Daijiworld Media Network - Hyderabad
Hyderabad, Oct 16: Walking after a meal is often overlooked as a simple yet powerful health habit. Without needing any fancy gear or gym memberships, a brisk walk can aid digestion, improve metabolism, and regulate blood sugar levels — but timing it right makes all the difference.
According to Dr. Sudhir Kumar, popularly known as hyderabaddoctor on social media, people with diabetes or prediabetes can benefit significantly from post-meal walks. “Walking after meals can lower post-meal glucose levels and even reduce HbA1c over time,” he said.

However, he cautioned against walking immediately after eating. “Walking right after finishing a meal (within 0–5 minutes) is beneficial but may cause discomfort or bloating, especially after heavy meals,” he explained.
So, when is the right time? Dr.
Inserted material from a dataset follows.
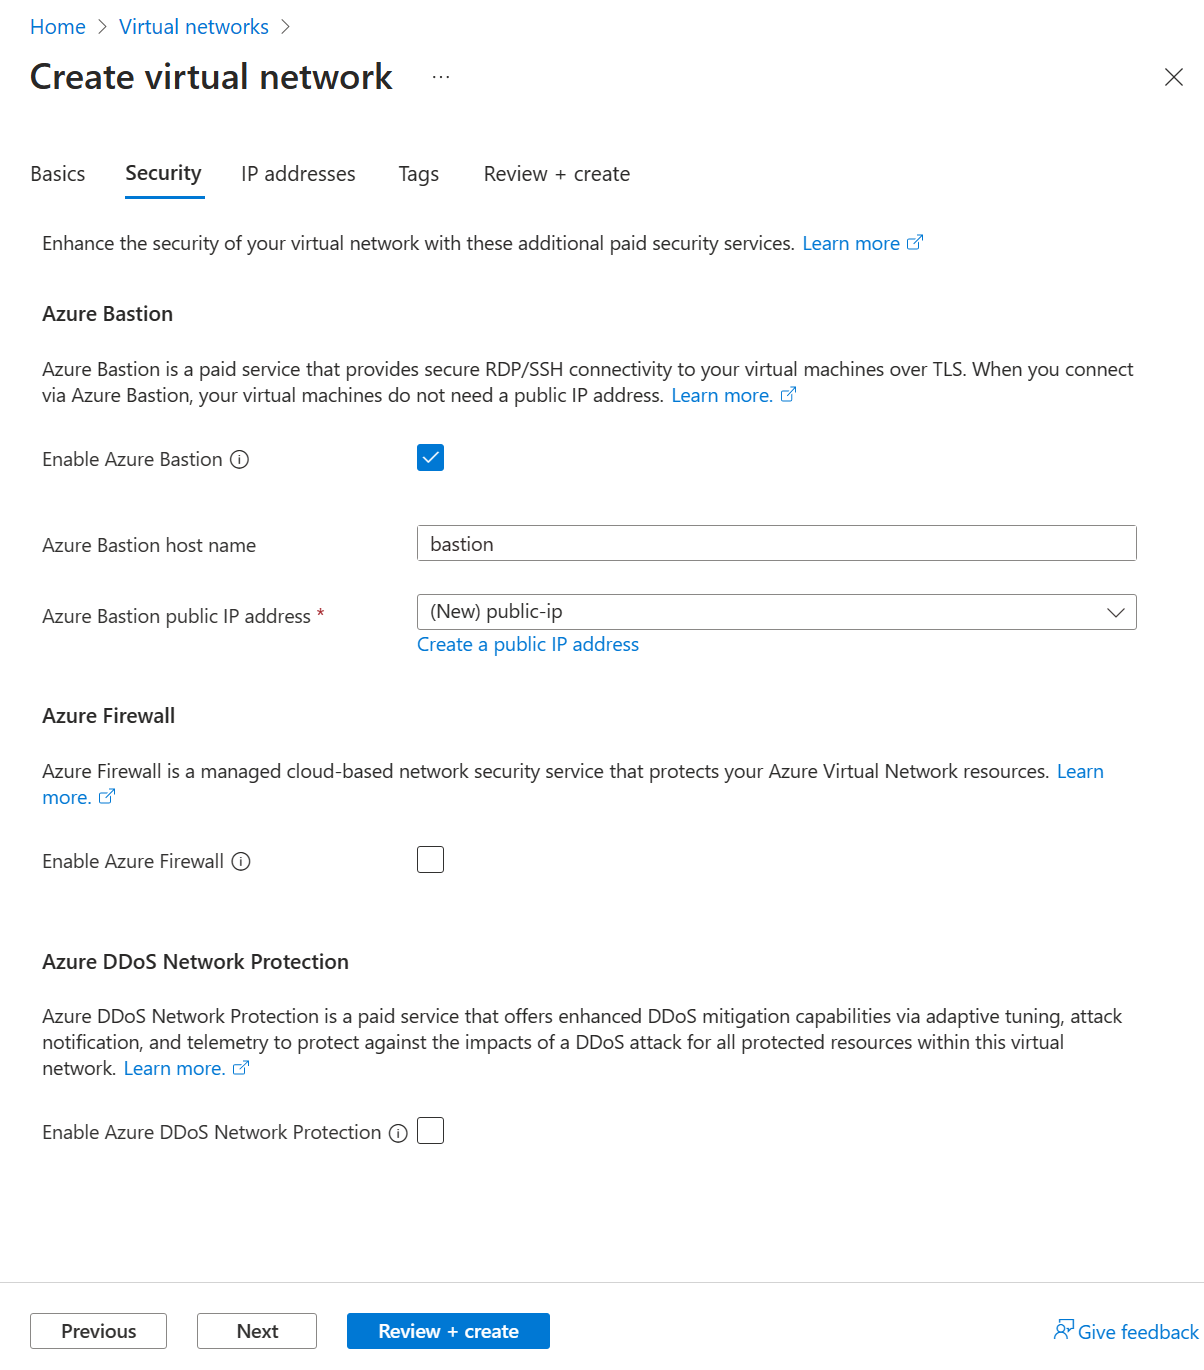 لقطة شاشة لخيارات تمكين مضيف Azure Bastion كجزء من إنشاء شبكة ظاهرية في مدخل Microsoft Azure.

Kumar suggests starting the walk 10–15 minutes after eating, ideally for 10–20 minutes at a light to moderate pace of 3–4 km per hour. “This period coincides with the rise in blood glucose as digestion begins, helping to blunt the glucose spike. A longer 30-minute walk can be even more beneficial after carb-rich meals,” he added.
Experts also highlight that the effectiveness of walking depends not just on timing but also on posture, pace, and consistency. Maintaining a steady rhythm, keeping the body upright, engaging the core, and swinging the arms naturally enhances results.
Regular walks, proper footwear, varied routes, and staying hydrated can further amplify the benefits. As simple as it may seem, walking the right way — and at the right time — can go a long way in improving overall health and well-being.